For years, aspiring TV journalists have been told to expect to start in a small market where they’ll do it all–report, write, shoot and edit.  Then they could move up to bigger and bigger markets, where eventually they would only have to do one of those things.  That may not be true any more.

At the Radio-Television News Directors Association convention in Las Vegas today, news managers said they expect journalists to keep “doing it all” in the biggest markets.  “The new paradigm is that we’re all content gatherers,” said Adam Symson, vice president/interactive for the Scripps TV group.  Multimedia journalists who really can do it all for TV and online are “extremely valuable,” he said.  He advises students to produce not just a great tape but clips in AP style as well, and says his company is actively recruiting.

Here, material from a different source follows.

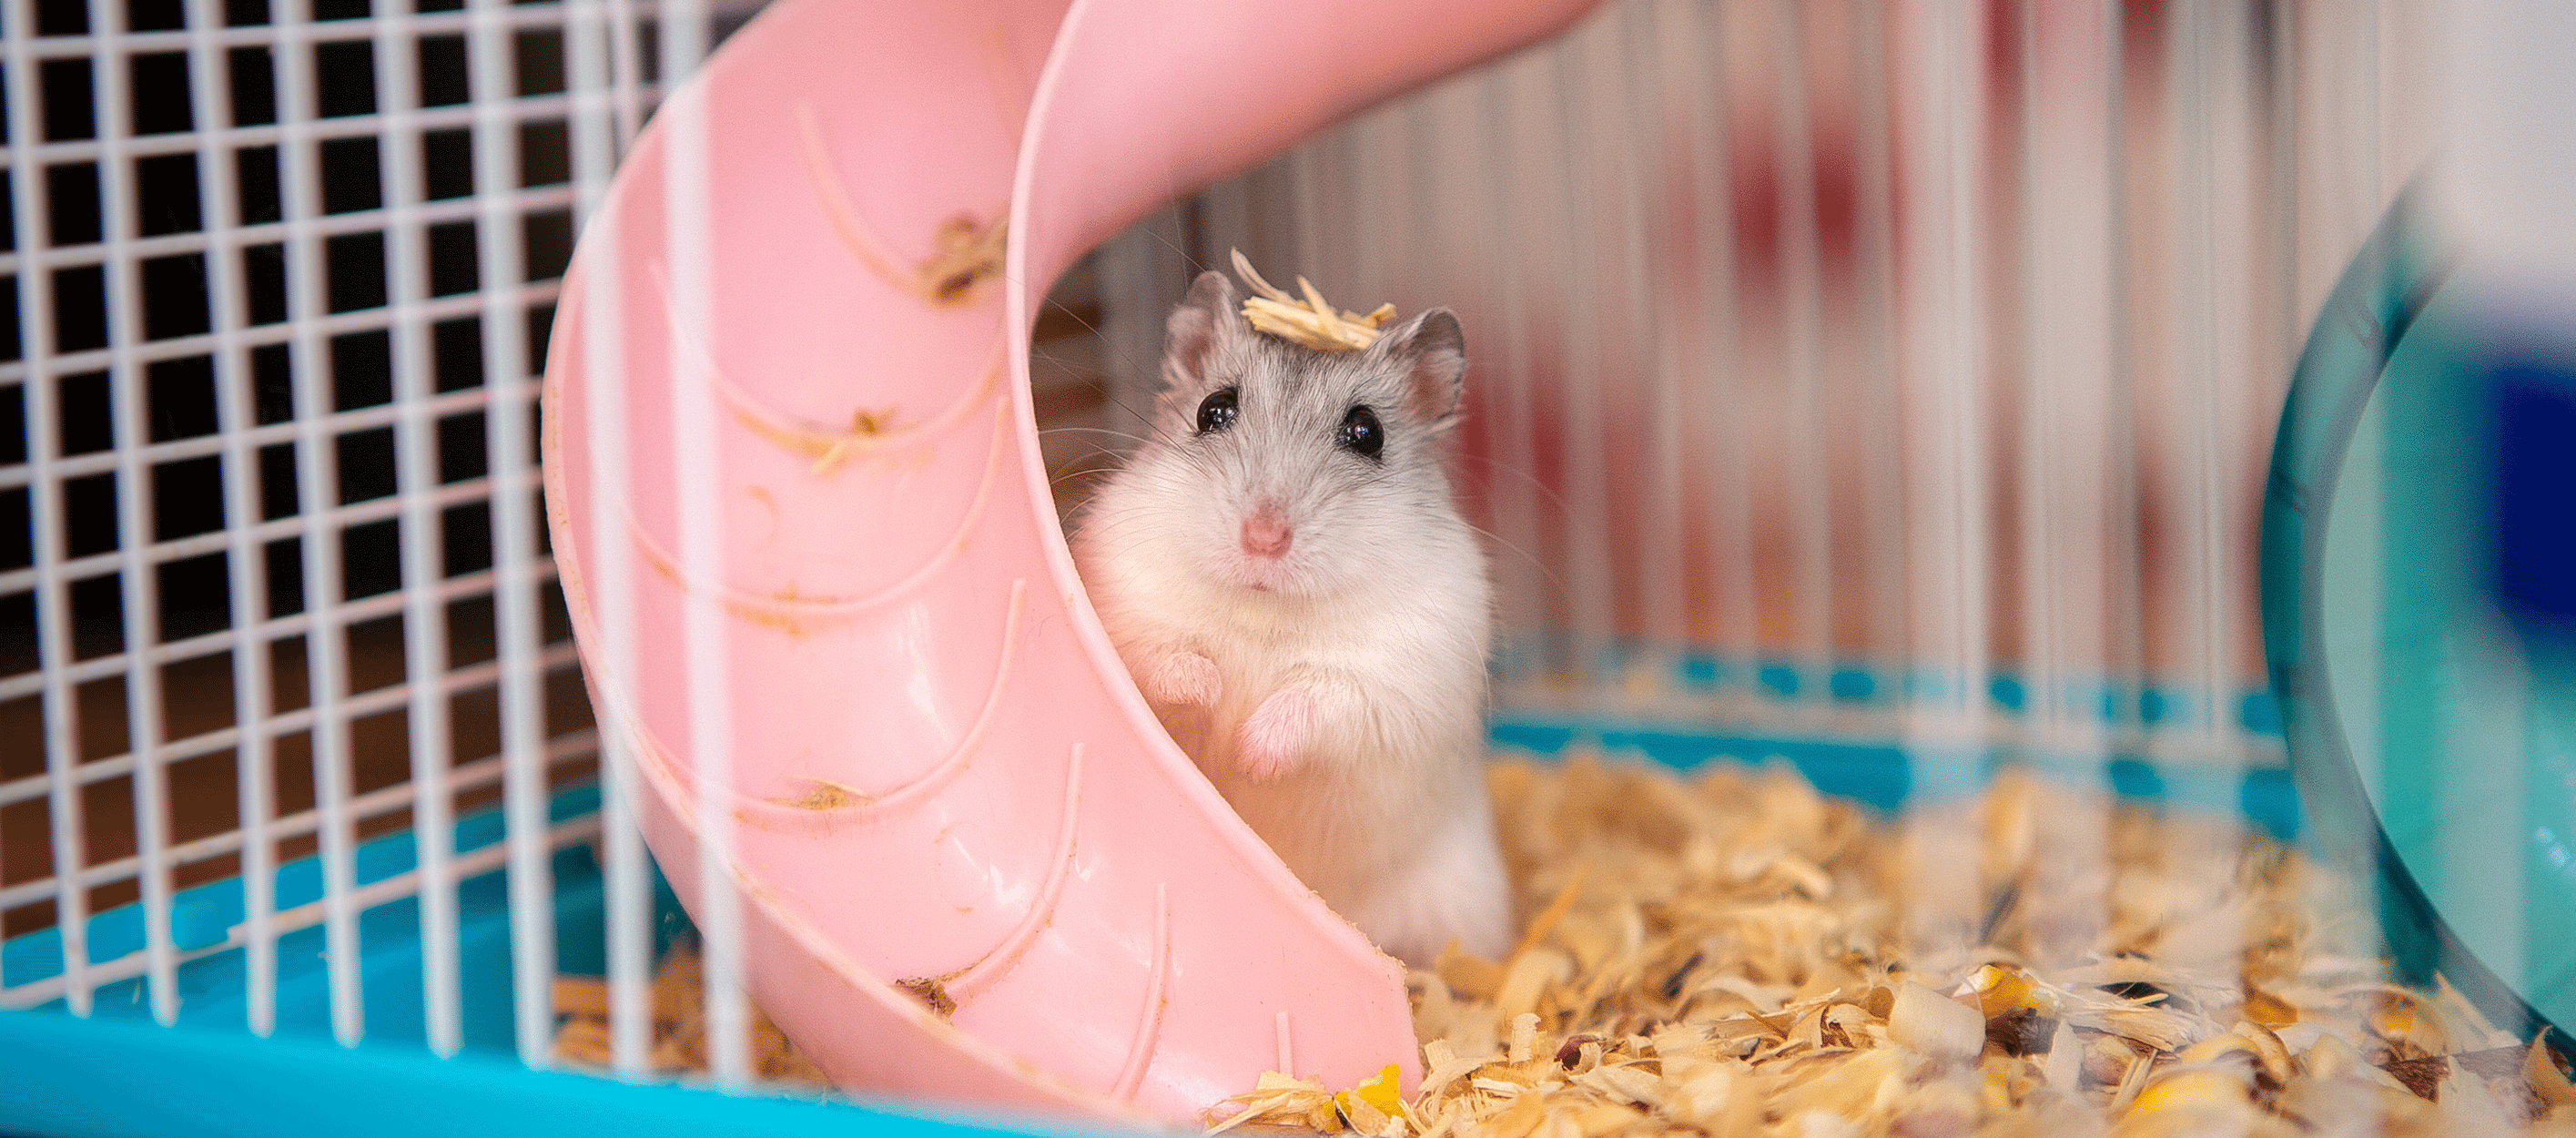 pet hampster in a cage

News director Marian Pittman of WSB-TV in Atlanta said reporters at her station are assigned “a 5, a 6 and a W”–a story for the Web site, which she called “our other channel.”  Lasvegasnow.com, the Web site of KLAS-TV in Las Vegas, has developed a new job category just for the Web called “community guide”–journalists who cover specific neighborhoods, shoot their own stories and blog for the site.

So it sounds like there are jobs to be had, but be advised–they still won’t pay much.  Pittman was especially blunt in describing the future.  Some salaries will be frozen, some will be cut drastically, she said, as the station moves to a “two-tier” newsroom, with only a few highly paid employees.